Cheese makers at the Mount Horeb Creamery and Cheese Company, taken
on Sept. 15, 1939. The creamery building now houses the Grumpy Troll Brew
Pub. Photo courtesy of the Mt. Horeb Historical Society.

On hand Sunday to celebrate the revival of cheese factory history were several area cheesemakers, including Willi Lehner, who said he often helped his dad clean at the Rysers Cheese Factory in downtown Mt. Horeb. “My dad would often remind me that for the first two years of his apprenticeship in Switzerland, all he did was clean. He didn’t get to actually make cheese until year three.”

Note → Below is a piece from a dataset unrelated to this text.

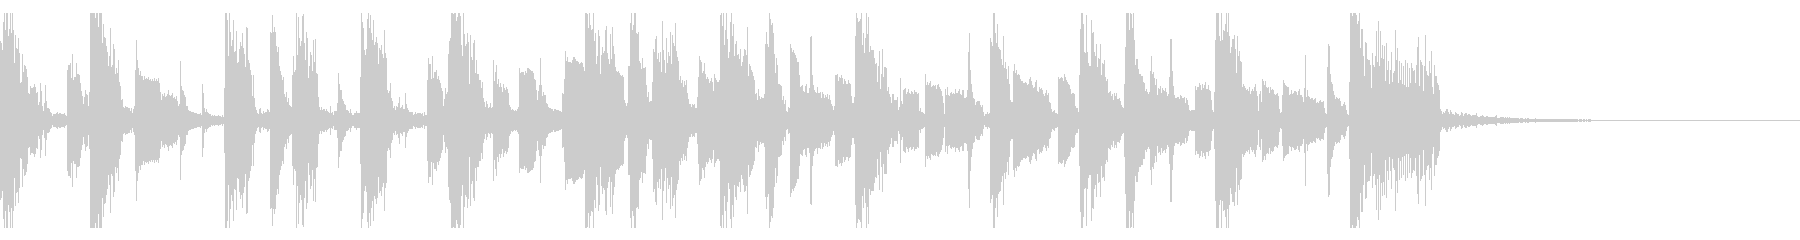 Electro jazz guitar jingle's unreproduced waveform

Also in the crowd was southwestern Wisconsin native Diana Kalscheur Murphy of Dreamfarm, who now makes amazing goat’s milk cheeses on her farm near Cross Plains, Anna Landmark of Landmark Creamery in Albany, who is making sheep, cow and mixed milk cheeses at both Cedar Grove Cheese in Plain and Clock Shadow Creamery in Milwaukee, and Tony Hook of Hook’s Cheese in Mineral Point, home to world champion cheeses including an array of aged cheddars and blues. In fact, Hook’s brother, Jerry, and sister, Julie, both cheesemakers at Hook’s, are actually alumni of Mount Horeb High School and Jerry still lives in Mount Horeb. Yes, it is a small world.

Each of the cheesemakers spoke for a few minutes, talking about their operations and remembering their family histories. A crowd of about 75 people noshed on local cheese and drank local beer, reminiscing of all cheesy things past and present.

One cheese not represented at the gathering was the stinky granddaddy of them all. The crowd got a chuckle when one attendee asked Tony Hook his favorite cheese. “The answer might surprise you,” Hook said. “It’s Limburger, made today at only one plant in the nation – Chalet Cheese Cooperative in Monroe.” Just goes to show you that no matter how many things change, one of the oldest cheeses in Wisconsin is still front and center.